Smart Teaching Strategy: The Engineering-Centered STEM Driving Problem Design

doi:10.16382/j.cnki.1000-5560.2021.08.003

Abstract

Abstract:

STEM education originates from the pragmatic national policy of the U.S and aims to cultivate students' comprehensive competencies of 21st century skills such as problem solving abilities, innovation abilities and teamwork abilities through interdisciplinary learning. In recent years, while STEM education is flourishing in China, there are problems such as immature curriculum system, ineffective teaching design, and disjunction from STEM education to subject knowledge.

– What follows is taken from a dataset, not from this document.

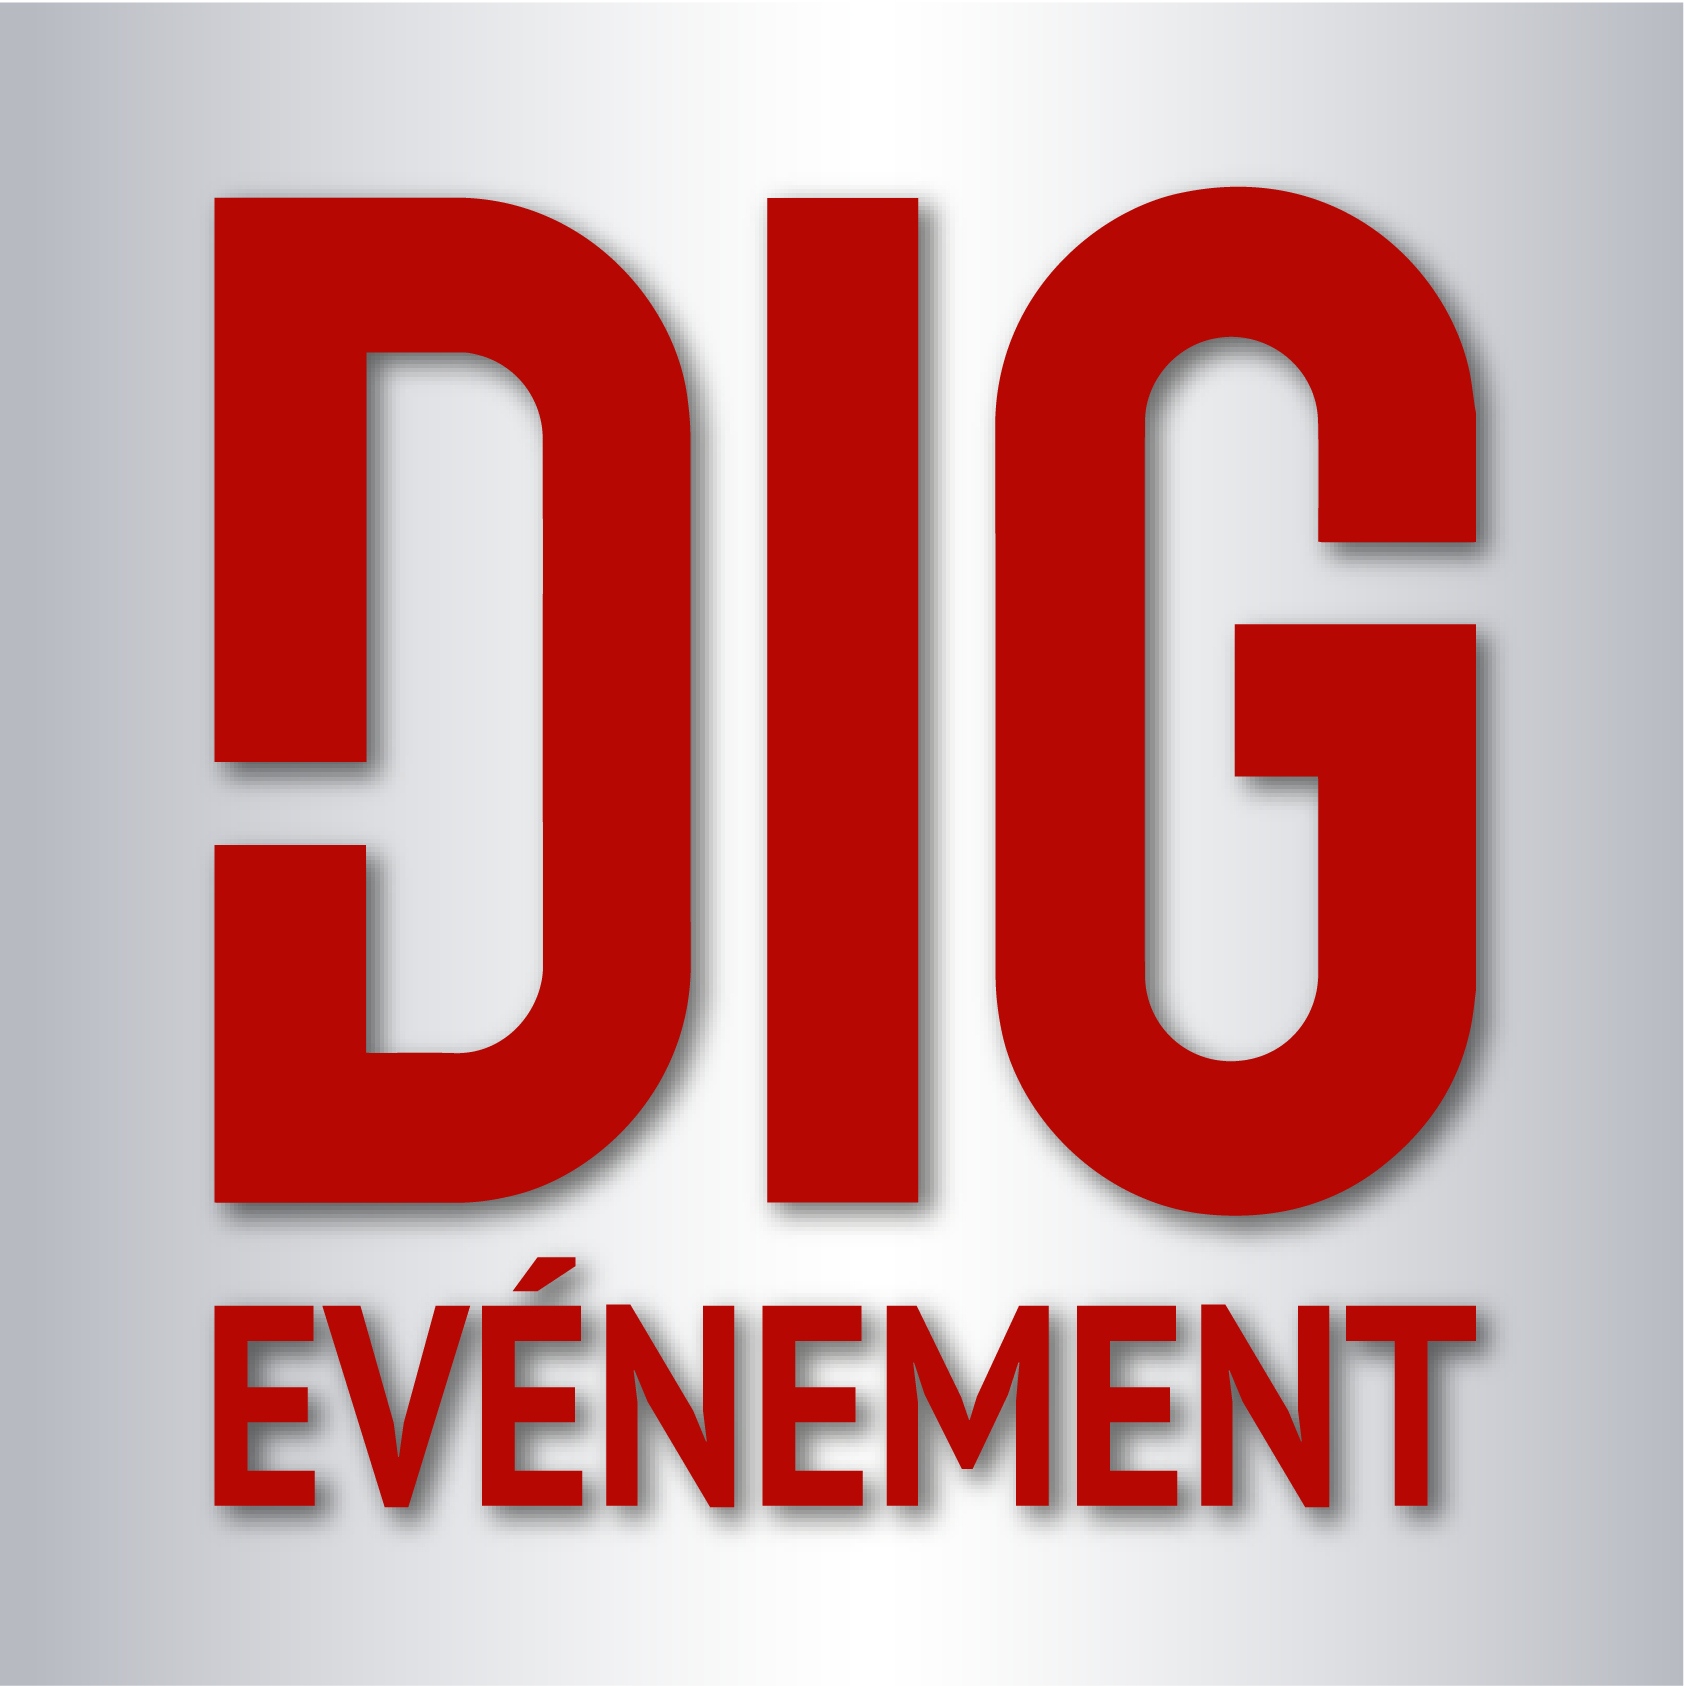 DIG EVENT_ROUGE FOND GRIS.png (121 KB)

In order to solve these problems, this research focuses on the key elements of the STEM curriculum - the design of the driving problem based on the engineering design process, discussed the structure and basic features of a problem, and analyzed relevant cases, . In the STEM curriculum. The driving problem based on the engineering design process should be ill-structured, closely related to the situation, dynastic, and have domain relevance. The three key elements of the problem—Givens, Obstacles, and Goals—can be transformed into key elements of the curriculum design through integration with the engineering design process. The implications of the design of driving problems based on the engineering design process on STEM education practice include: interdisciplinary team building, the alternative evaluation methods, and the STEM curriculum ecological community formed by multiple groups.

Key words: STEM curriculum design, driving problem, engineering design process

Yanyan Sun, Fengshen He. Smart Teaching Strategy: The Engineering-Centered STEM Driving Problem Design[J]. Journal of East China Normal University(Educational Sciences), 2021, 39(8): 33-44.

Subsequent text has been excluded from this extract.